Our solution was to minimize our datapath to the point that we had only one multiplier and one adder/subtracter block as our principal blocks, with latches to hold initial, intermediate and final values. This reduced the ALU to 36%, a much more manageable size. With the reduced size, also came increased clock frequency we went from running at ~8MHz to ~24MHz.
This does result in an increase in the size of the control path, but it is insignificant compared to the chip area gained from the data path.
Look at the equations that were required:
Addition : (A + Bi)+(C+Di) = (A+C) +(B+D)i
Subtraction: (A+Bi)-(C+Di) = (A-C) + (B-D)i
Multiplication : (A+Bi)(C+Di) = (AC-BD) + (AD+BC)i
For each equation, the operations can be done serially and stored in latches, and latched values can be switched using multiplexers to connect them to either the multiplier or the adder/subtracter.
For Example: Addition
Of course for multiplication this gets a little more complex. To hold the intermediate values AC, BD, AD, BC, two latches are used.
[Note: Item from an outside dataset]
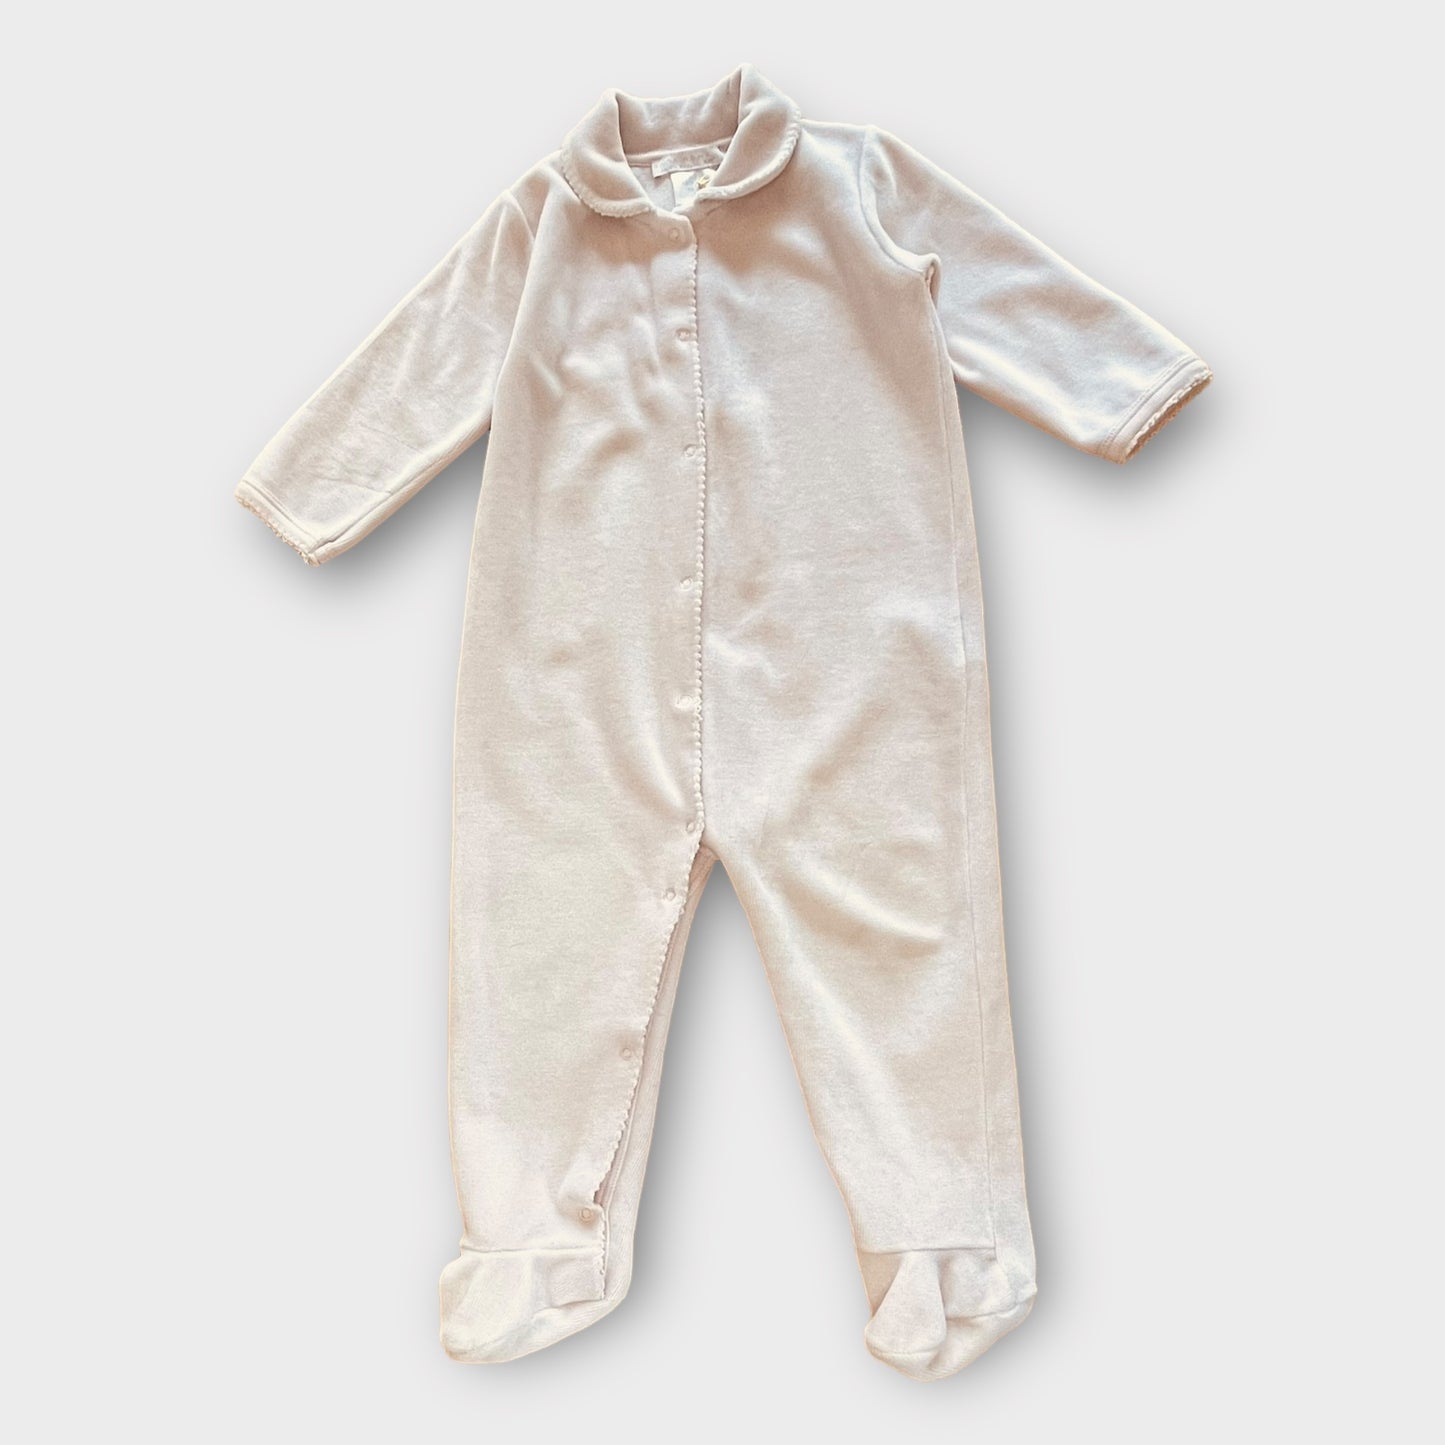 Zara Home - pajamas - 6 - 12 months

Since only AC and BD or AD and BC can occur at a time, no more than two latches are needed. For the really brave at heart, you can pipeline the multiplier and reduce your clock frequency. We went with a 3-stage pipelined multiplier.
The based components used in the VHDL code were built around Altera's LPMs, the components could be swapped for pure VHDL code. The decision to go with LPMs was made since we already had to do our development on Maxplus2, no reason to invent the wheel twice.